Sources close to the situation claim the City violated the law by failing to properly screen the Sports Council's request for cash. Instead, McGrory aides slapped together an agreement outside legally required contracting procedures and then did their best to conceal their doings by failing to respond to subsequent questions about the deal.
The City could supply no written documentation for preparation of the contract, which contains only vague references to "marketing sports in San Diego," makes no specific reference to selling Chargers tickets, and sets forth no schedule of performance. In fact, most of the "documentation" of the agreement reluctantly turned over by the City consists of fragmentary e-mail messages between McGrory and his trusted aide Ernie Anderson.
Anderson denies that there was anything illegal about the contract, despite the meager paper trail furnished by the City. "It went through the city attorneys' office and all the appropriate steps," he maintains. "Generally you have departments that originate requests, but this was happening at the manager's level." Anderson also says that McGrory's action in personally ordering up the contract was not particularly unusual. "It depends. That could occur at any point in time, depending on the nature of the need. Jack will call and say get me a contract with this or that, that sort of thing. Financial Management is basically his staff arm, so occasionally we'll get direction to do reports, contracts, and that sort of stuff."
According to the records, during the early part of May, the pace was hectic and the direction was clear: get $15,000 to the Sports Council without delay and without notice to the public. There were no written proposals or consultations with others and no council hearings. Instead, McGrory first e-mailed Anderson on May 12, ordering him to come up with the funds.

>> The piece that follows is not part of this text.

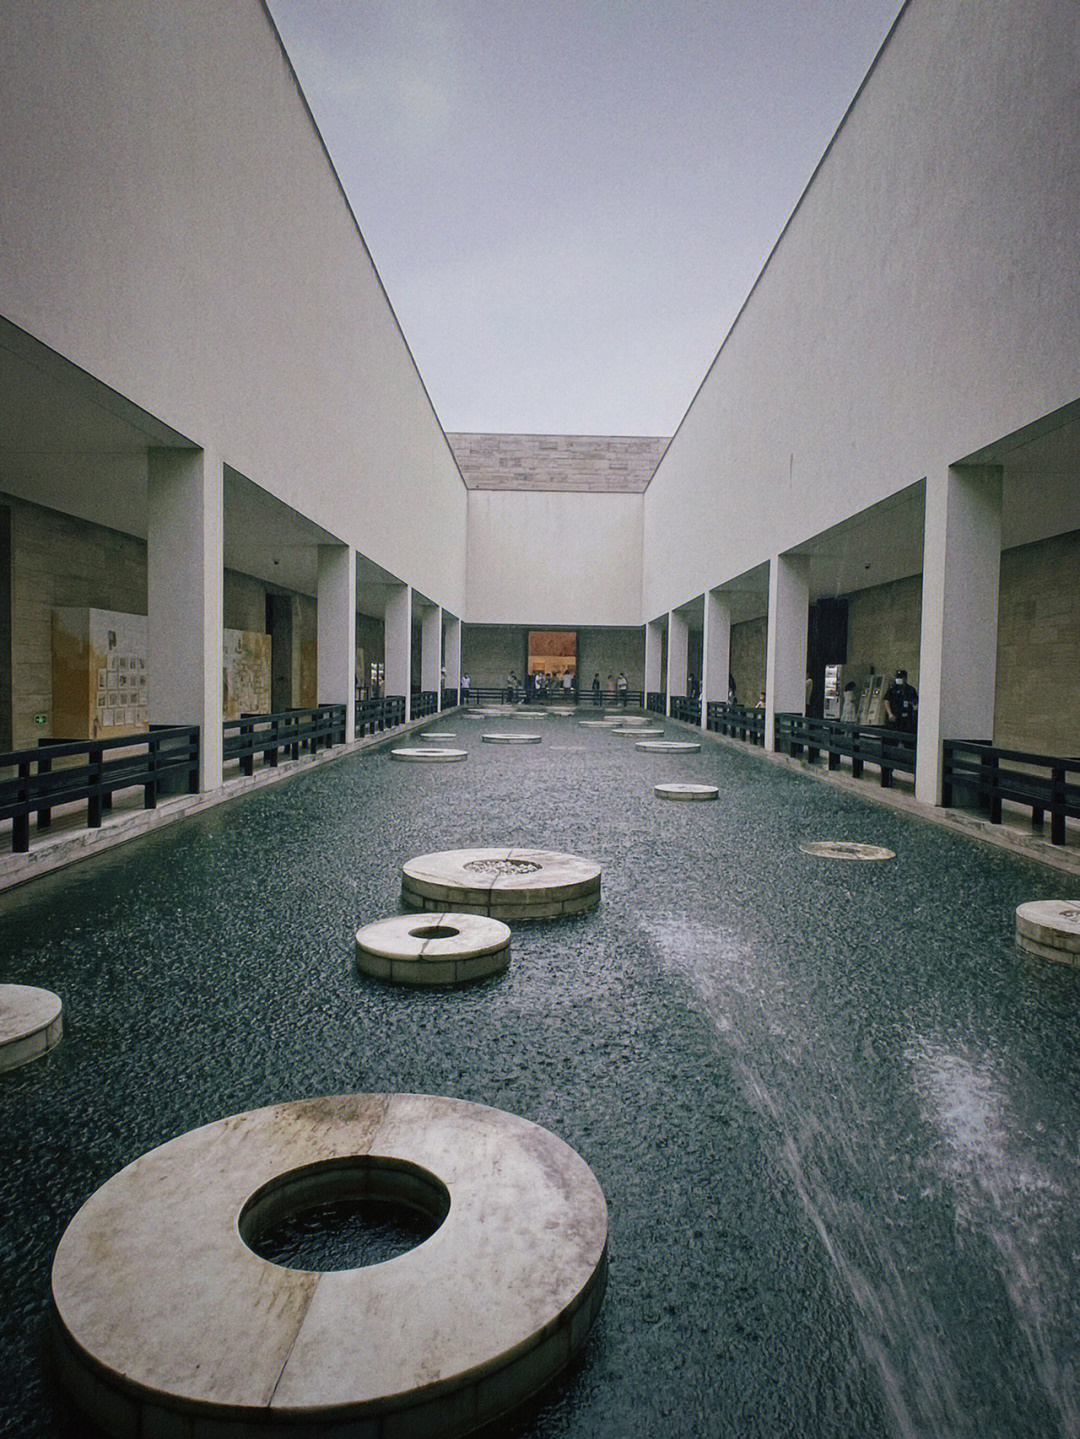 良渚博物馆是谁设计的图片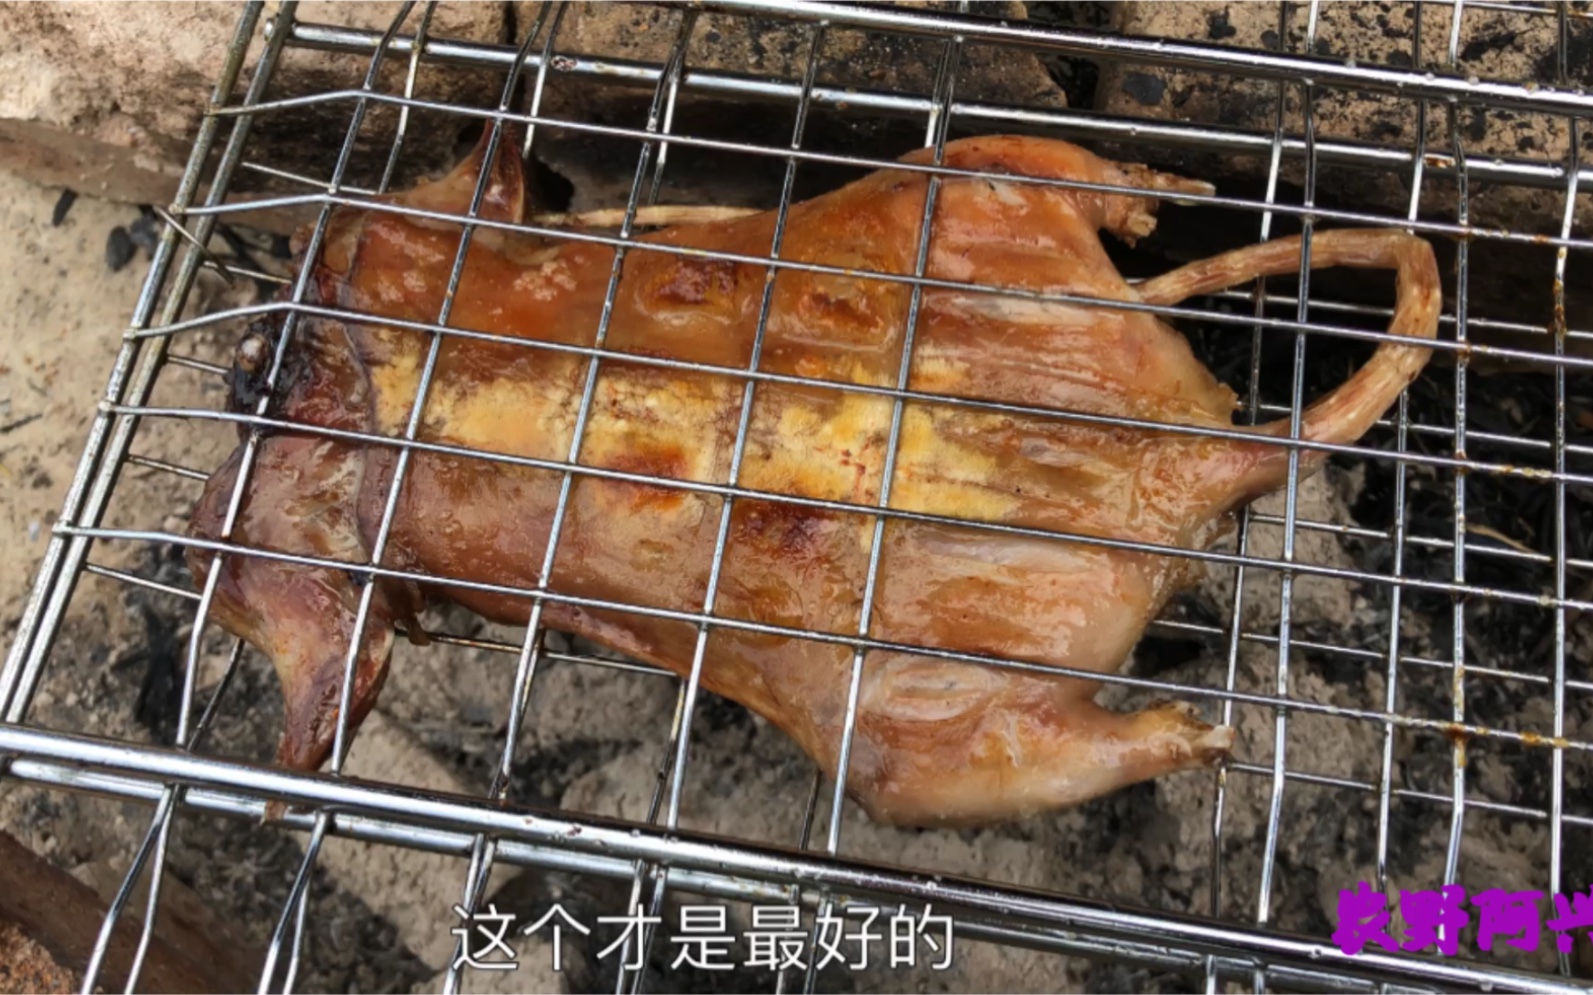 煎老鼠仔肉–好吃的台式豬排 by 阿嬤大飯店 - 愛料理

The City now says that McGrory's brief message marked the beginning of what was to grow into a costly, sole-source, one-month contract with the Sports Council, never advertised for public bid. When first asked for documentation of the deal last month, Anderson even denied that the records below existed. On its face, the e-mail shows an all-powerful city manager, able to use the levers of the City's financial machinery to do his sole bidding, unchecked by legal niceties.
"How do we get the Sports Council an advance to start their marketing efforts asap?" McGrory wrote Anderson at 2:24 in the afternoon of Monday, May 12.

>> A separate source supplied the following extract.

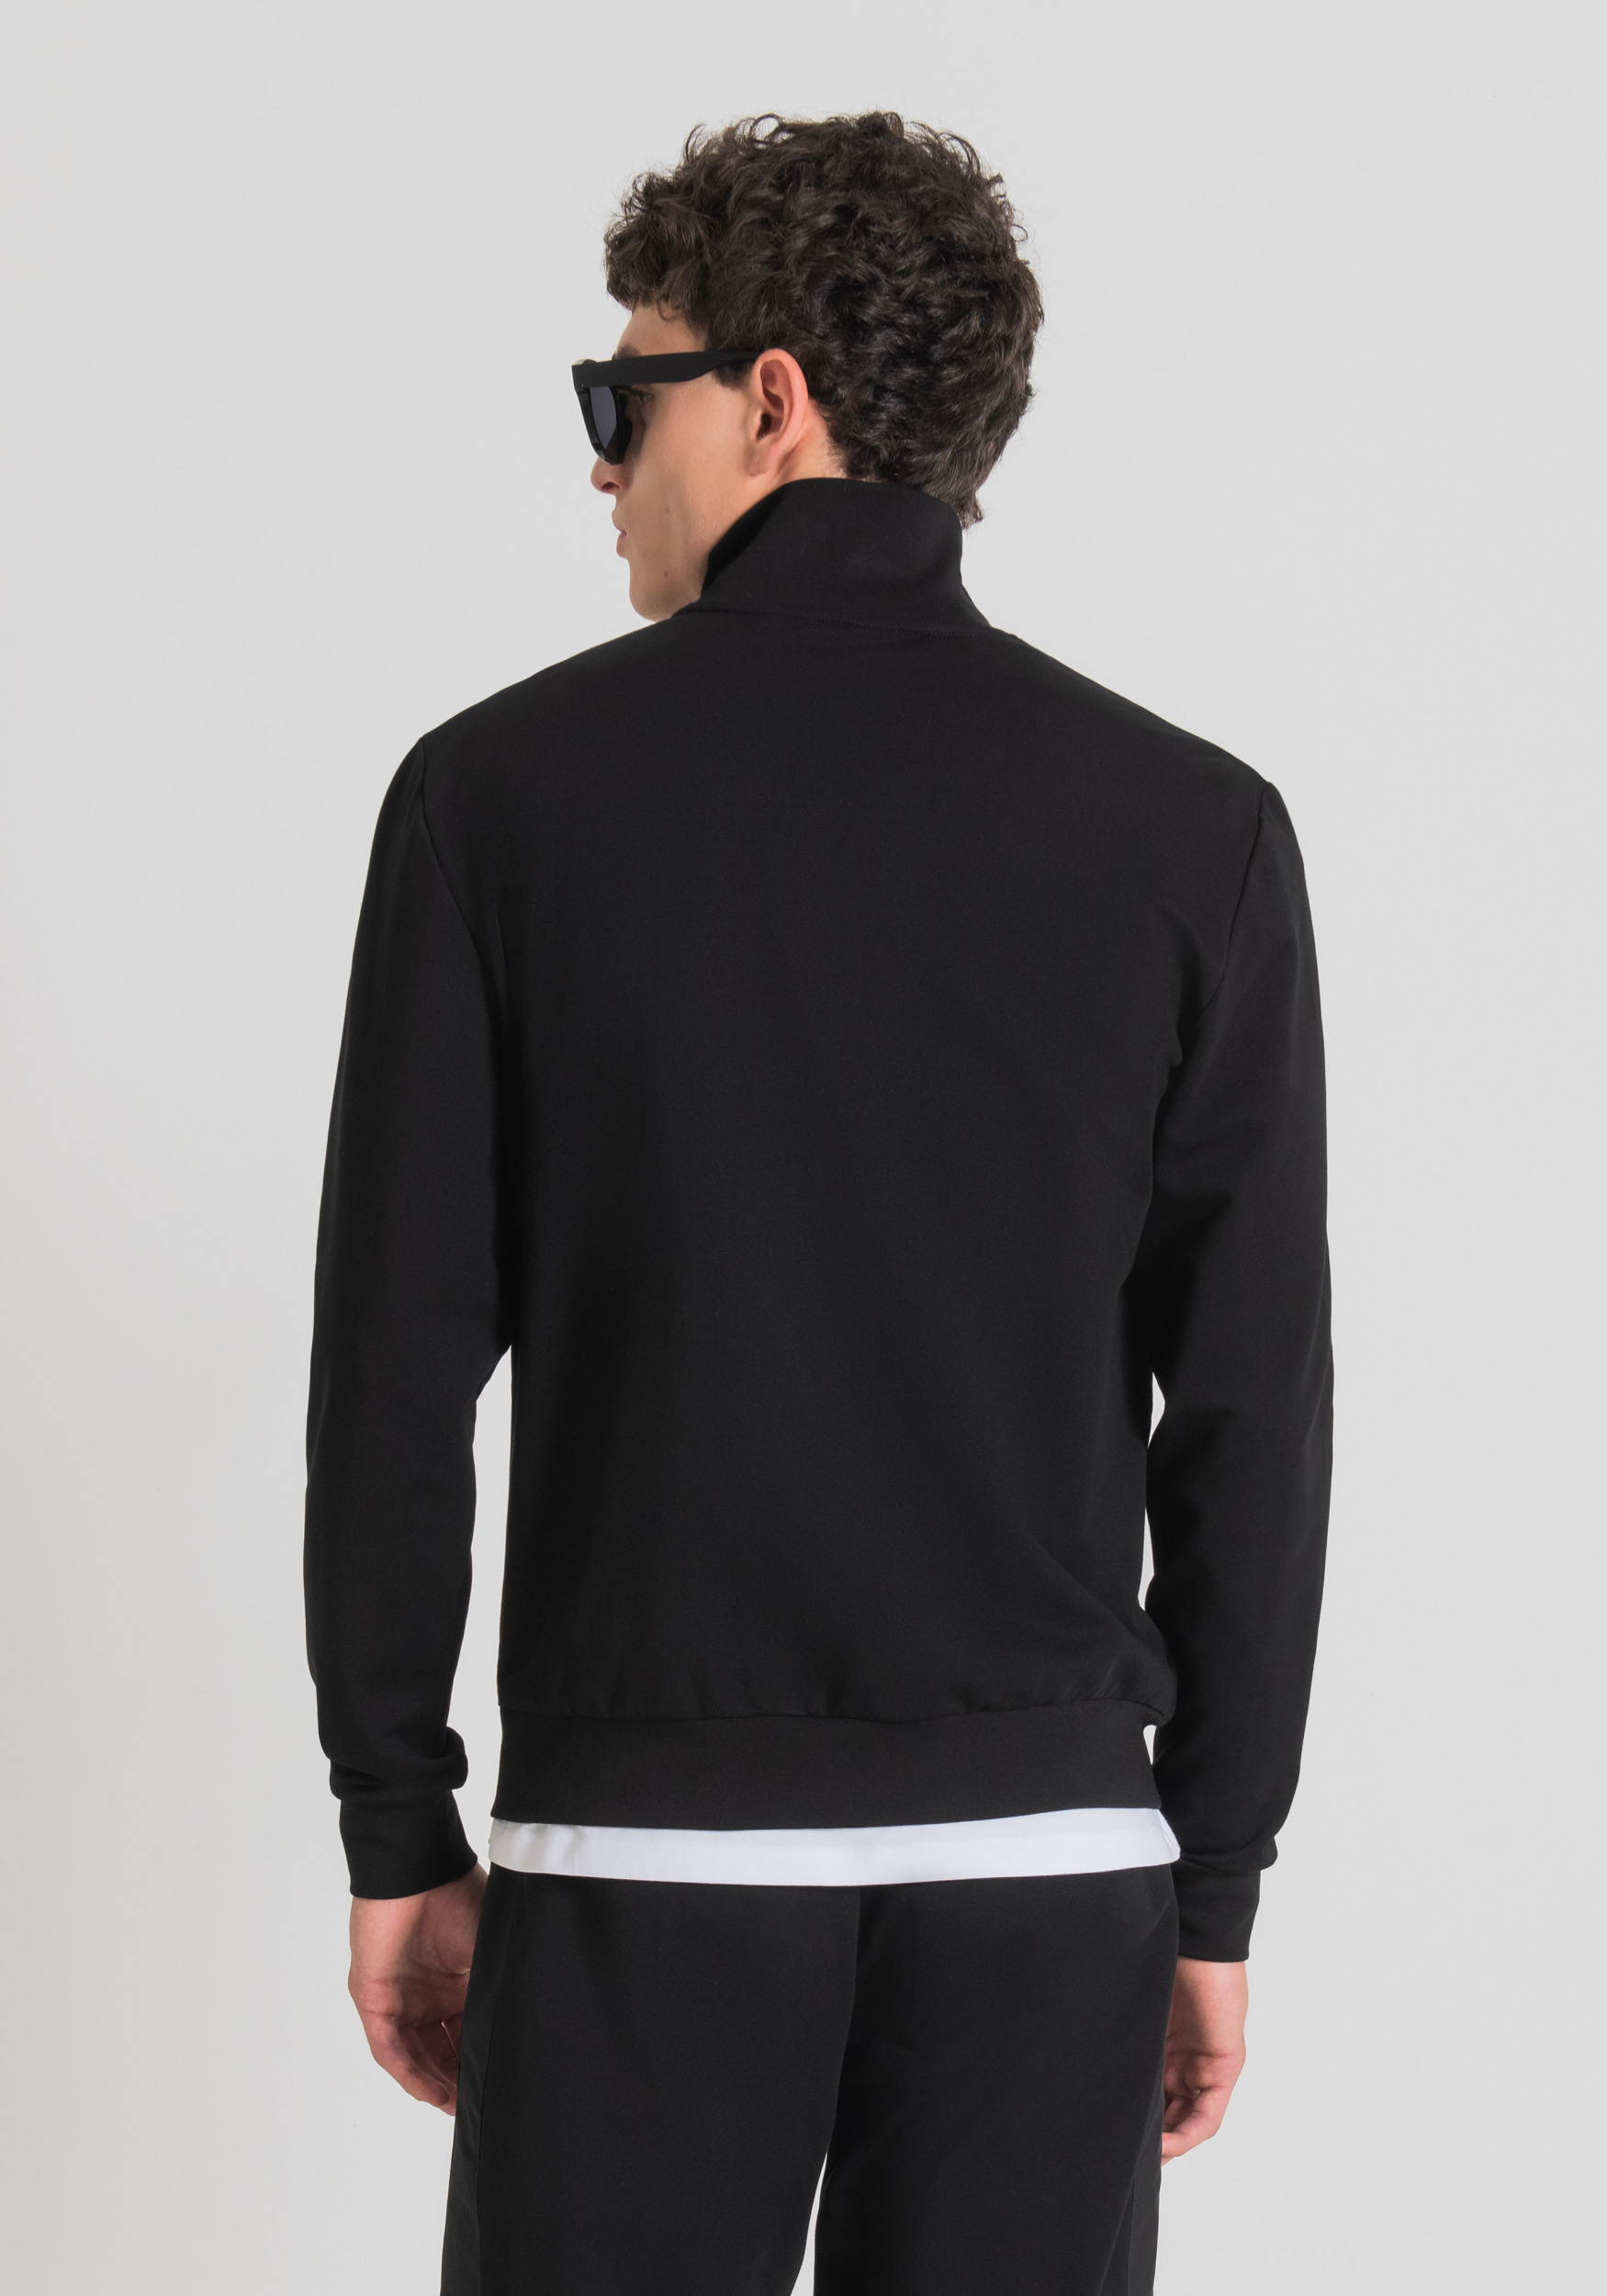 Antony Morato Sweat-Shirt Slim Fit A Col Montant En Coton Elastique Doux Et Poches Avant Dissimulees Noir | Homme Sweat-Shirts

"Do you have a number in mind?" Anderson wrote back at 5:00 p.m. the same day, asking McGrory to tell him how much money to come up with.

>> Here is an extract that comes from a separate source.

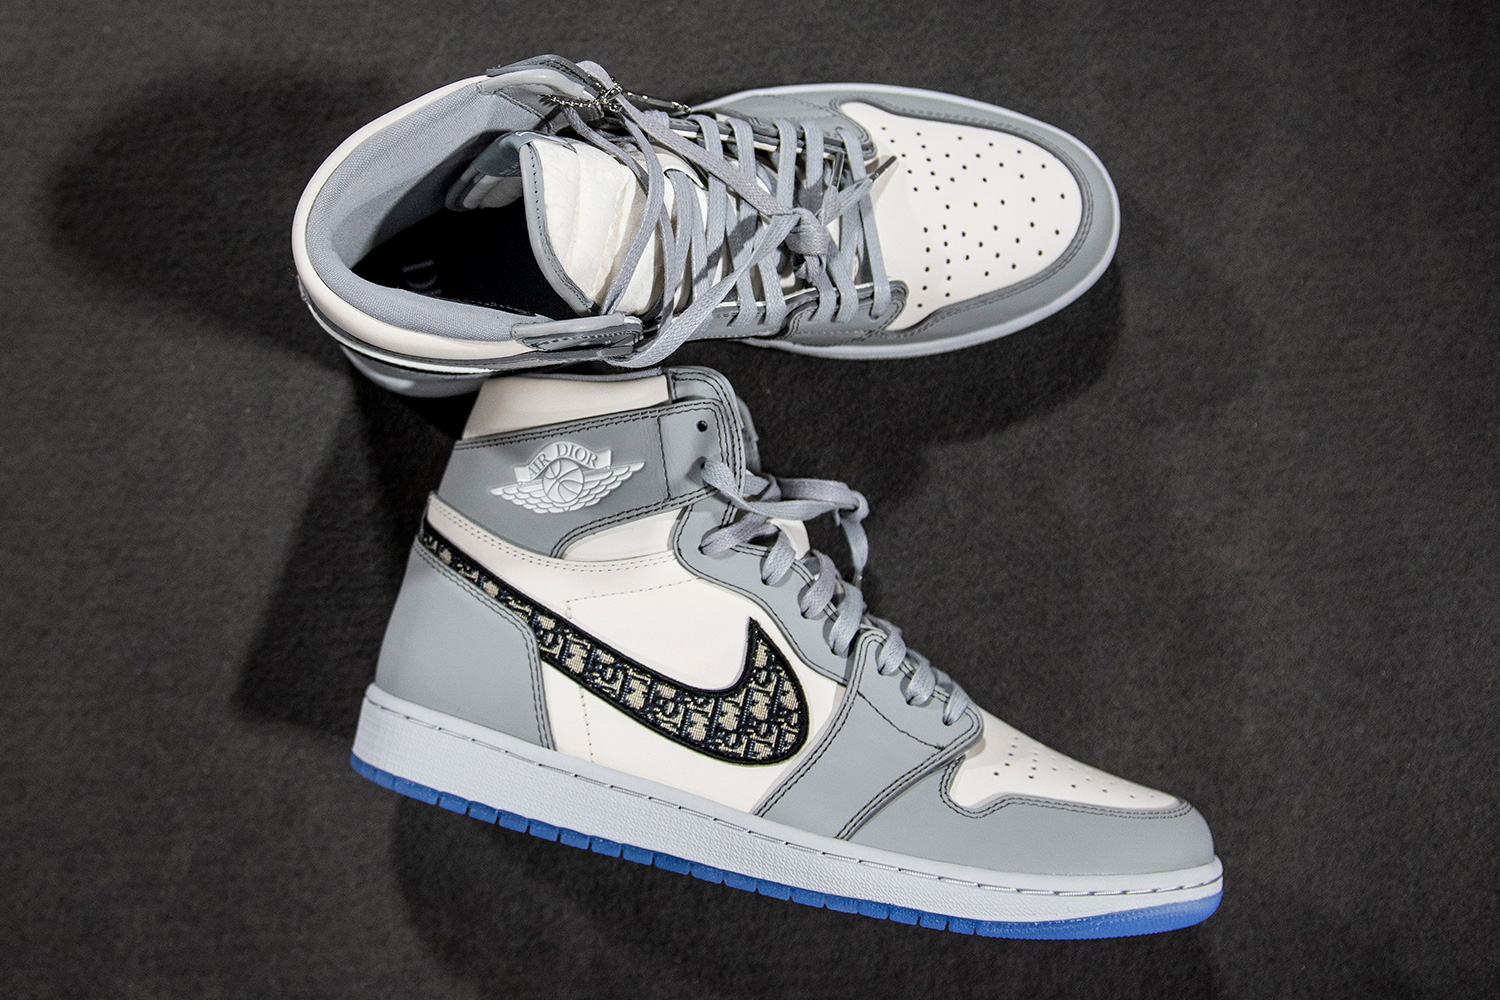 Nike x Dior Air Jordan 1 Grey High Sneakers

"15,000," McGrory responded at 9:13 that evening.
"Who is doing the footwork for you on this?" Anderson wrote McGrory at 6:03 p.m. the next day, May 13. "We need to put together an agreement, and as soon as that happens we'll give them the dough.... If I'm doing the footwork, who is the contact with the Sports Council, and what do we expect them to do?"
McGrory didn't answer Anderson's question about what the Sports Council was expected to do for its money. Instead, at 6:30, he wrote back: "Can you do it and deal with Bruce and Ky?" The reference to "Bruce" apparently was to Bruce Herring, another trusted McGrory aide often given top-secret fundraising projects, such as patching the huge funding holes created by last year's Republican convention. Ky apparently was Ky Snyder, the Sports Council's executive director.
Two days later, Anderson wired McGrory back with news of how things were going.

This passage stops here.